--- Provided material Enclosed Below ---
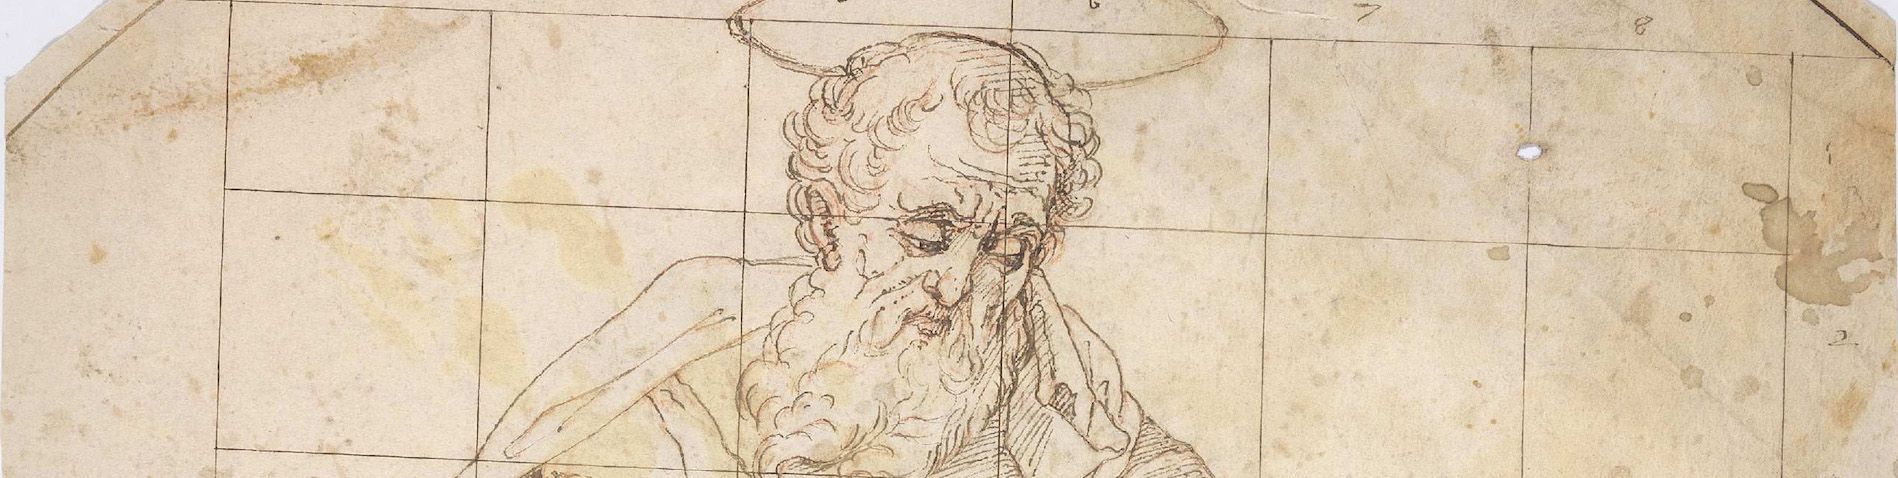 Una mirada renovada a los dibujos renacentistas de la Biblioteca Nacional
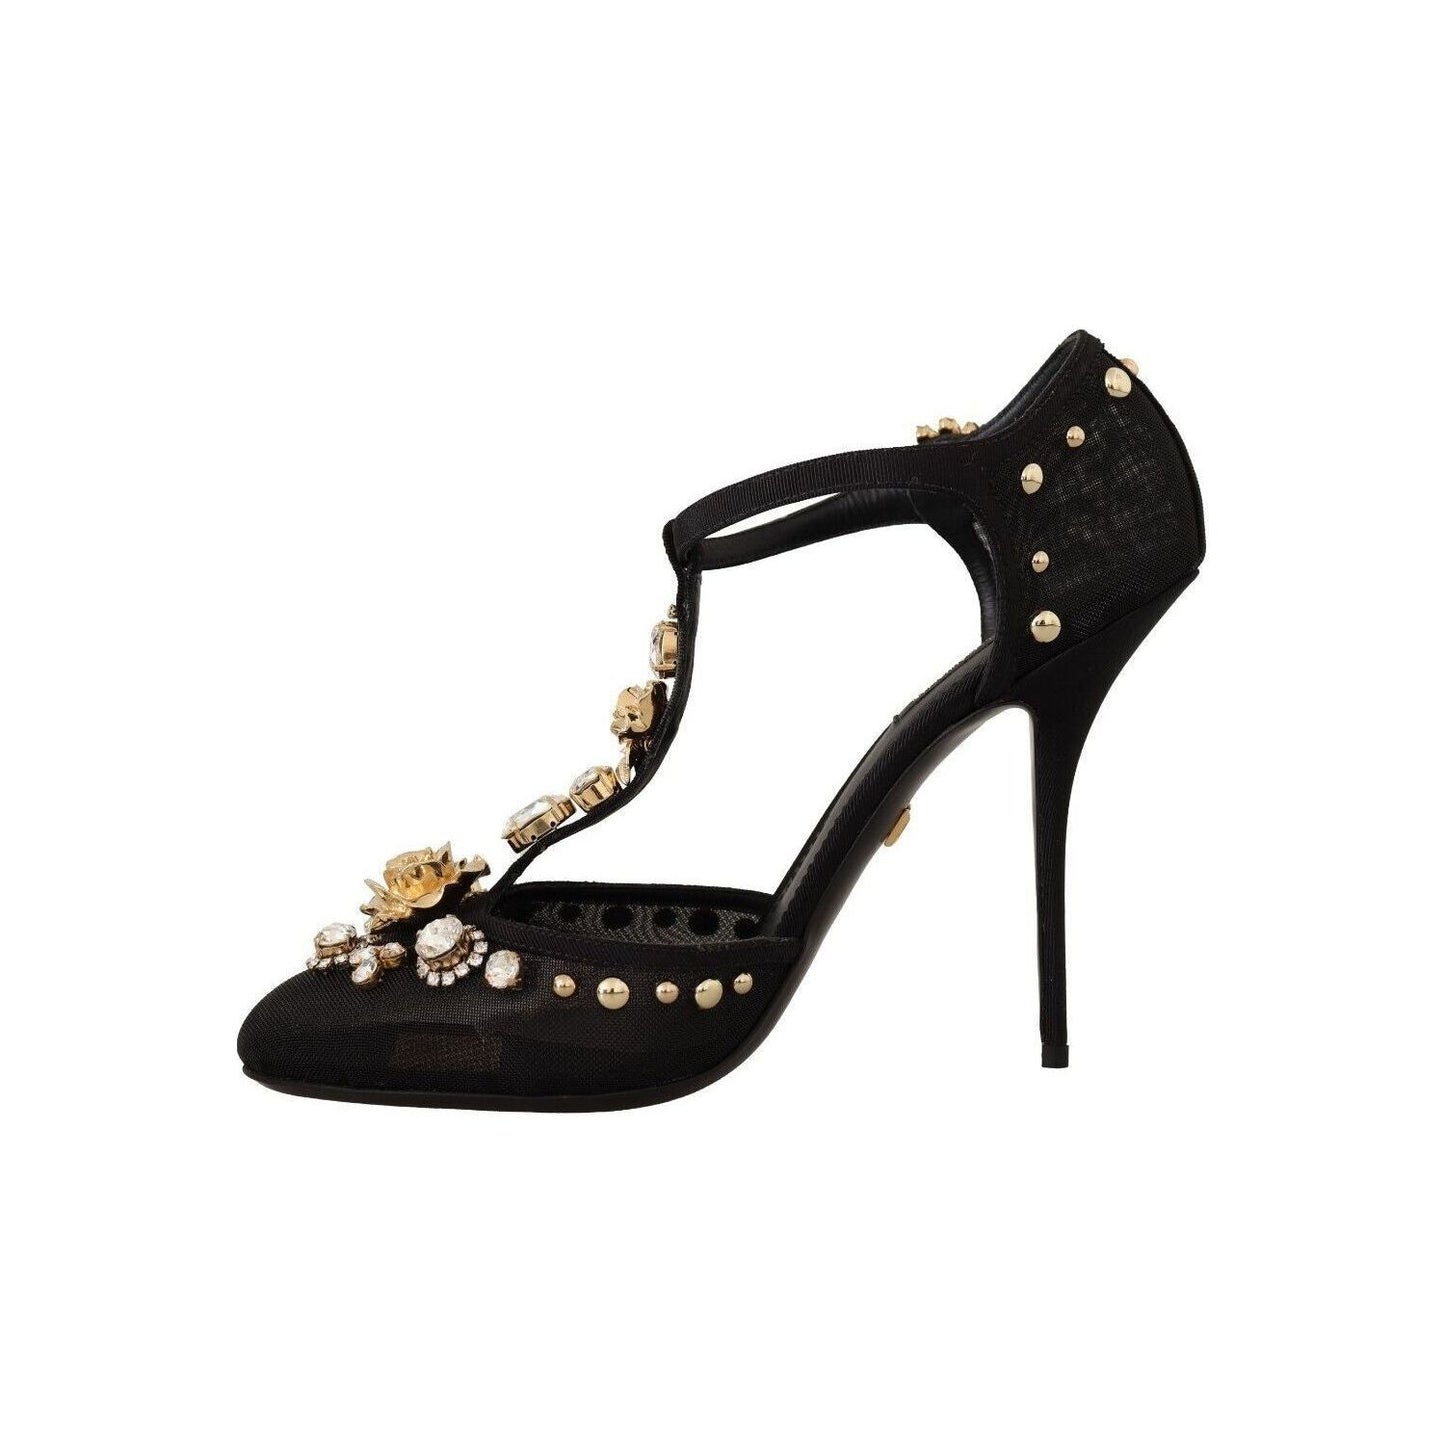 Dolce & Gabbana Elegant Crystal-Embellished Mesh T-Strap Pumps black-mesh-crystals-t-strap-heels-pumps-shoes s-l1600-3-120-71eac466-b80.jpg
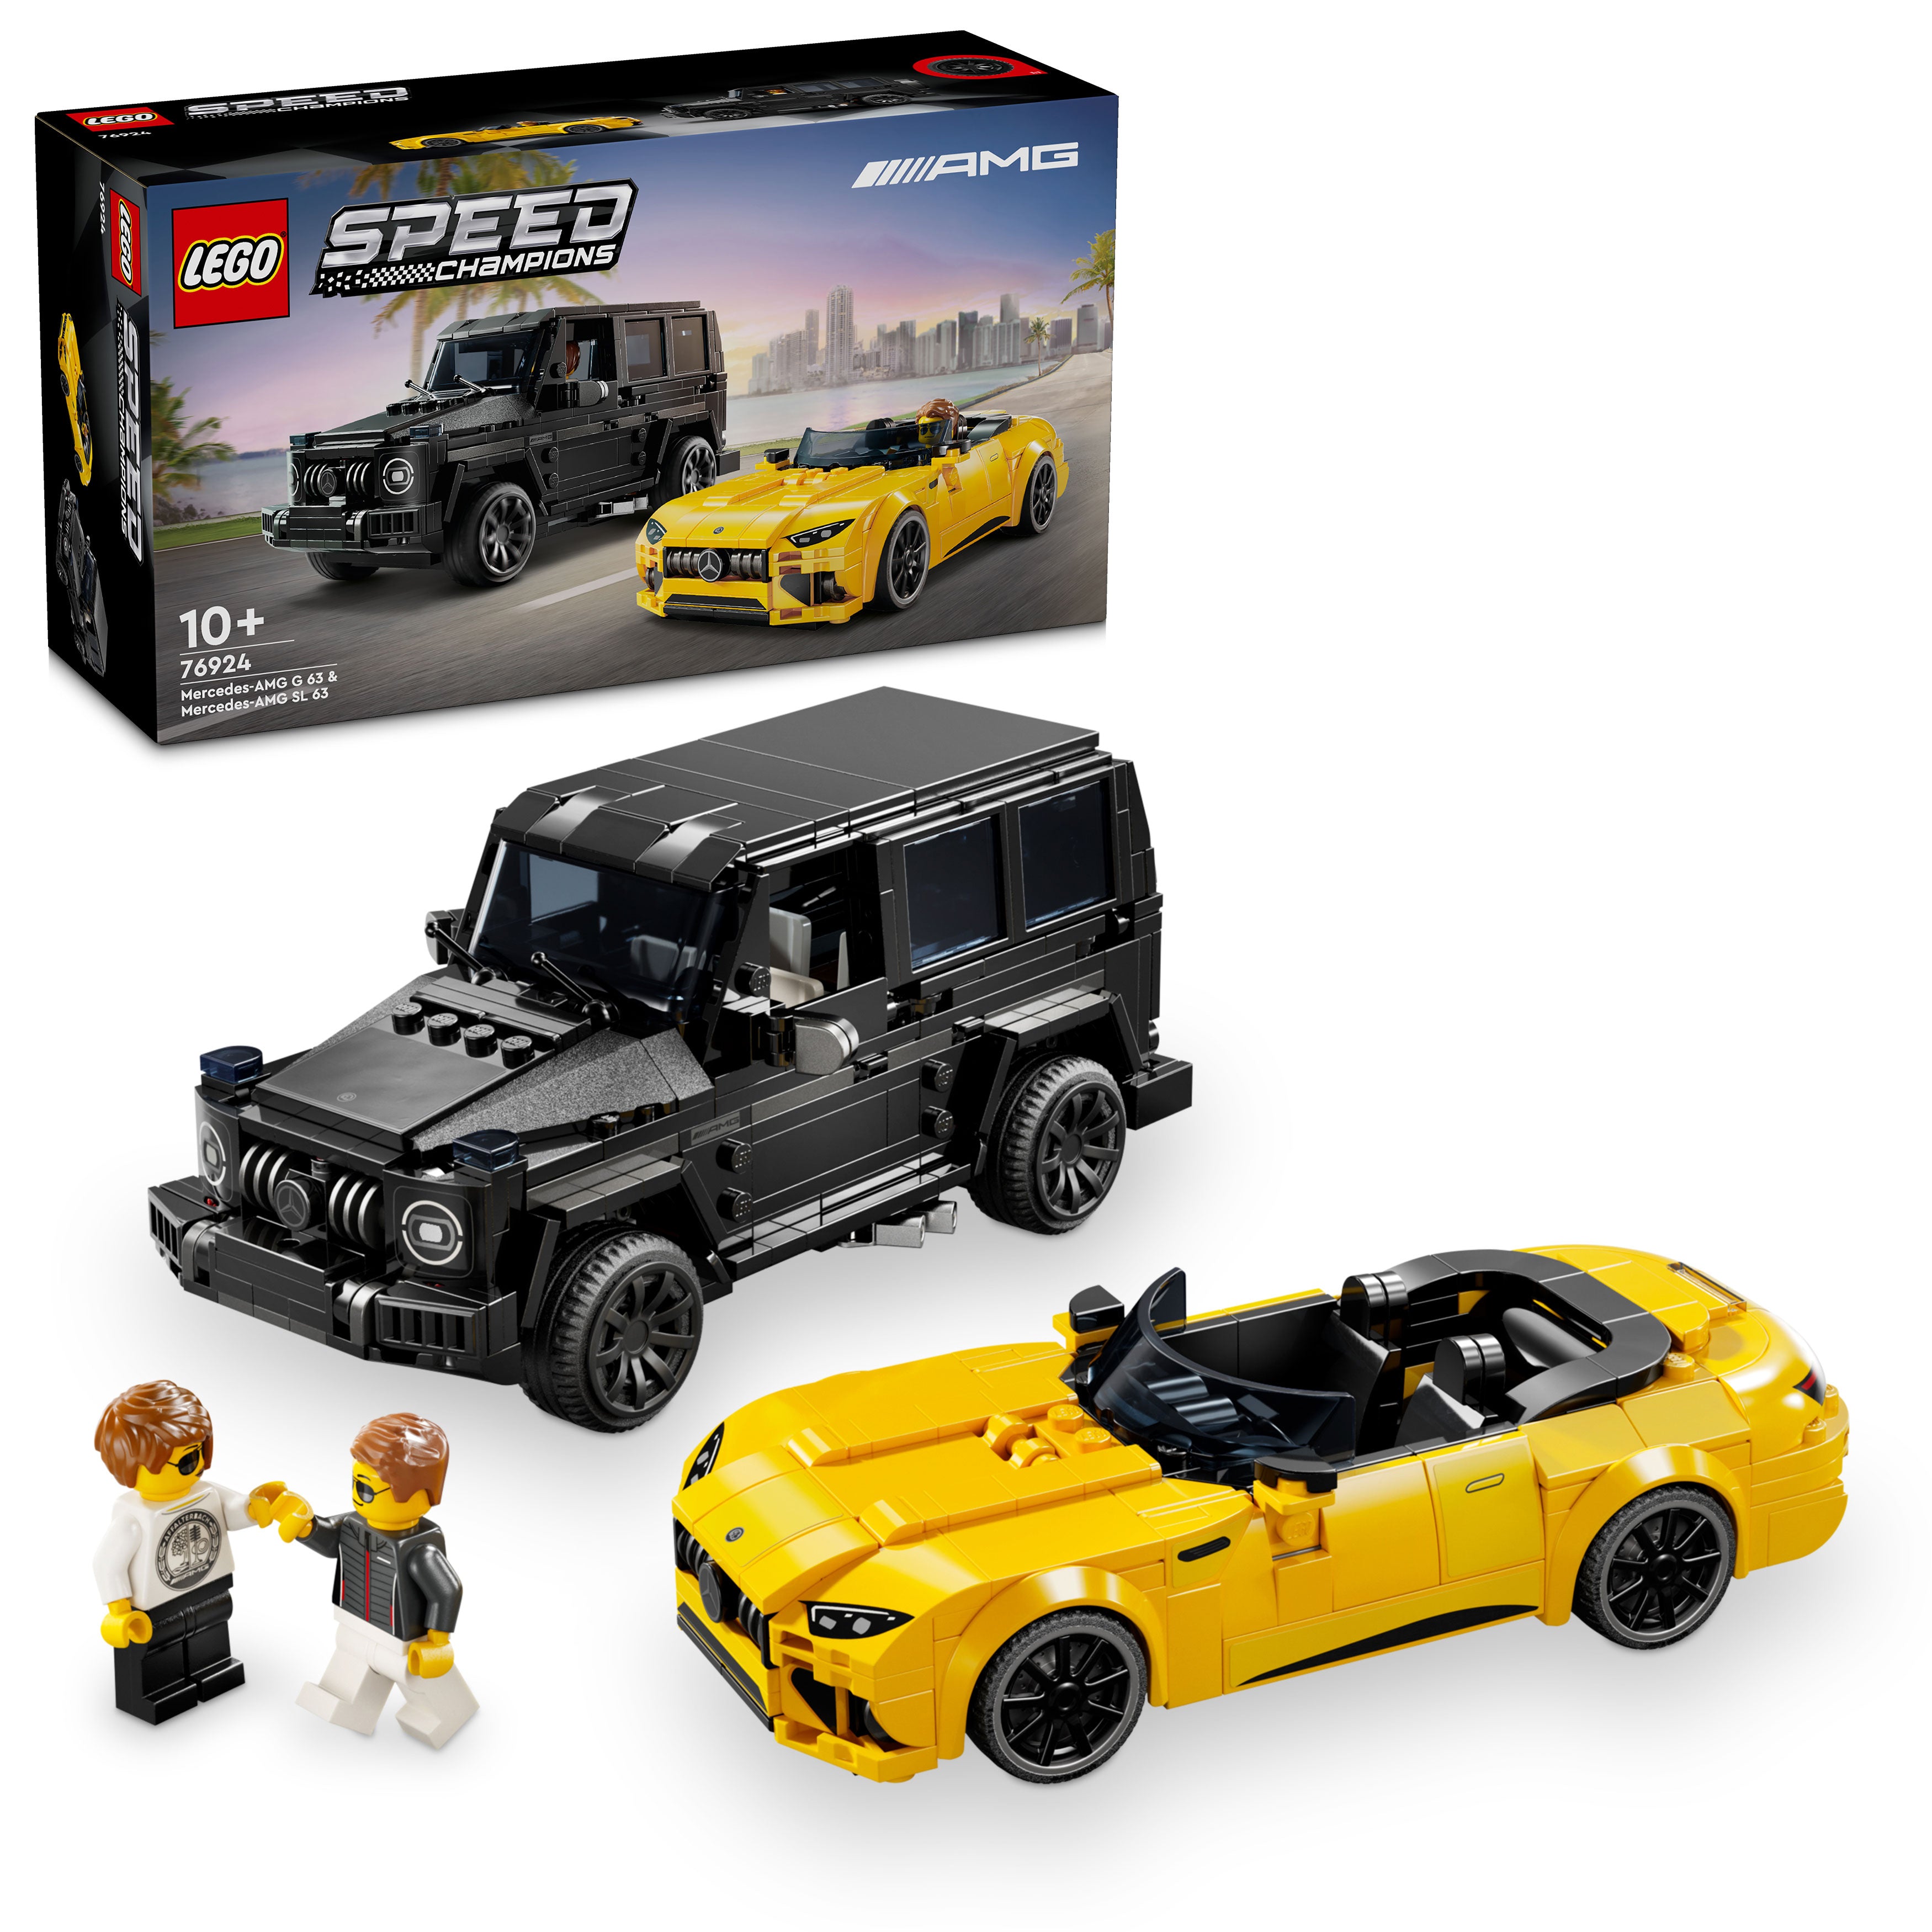 Lego 76924 Mercedes-AMG G 63 & Merc AMG SL63
--- End of Enclosed Provided material ---
* _What you need to do_:
Copy out every line of the data exactly, leaving the images behind.

* _Response area_:
 Una mirada renovada a los dibujos renacentistas de la Biblioteca Nacional
 Dolce & Gabbana Elegant Crystal-Embellished Mesh T-Strap Pumps black-mesh-crystals-t-strap-heels-pumps-shoes s-l1600-3-120-71eac466-b80.jpg
 Lego 76924 Mercedes-AMG G 63 & Merc AMG SL63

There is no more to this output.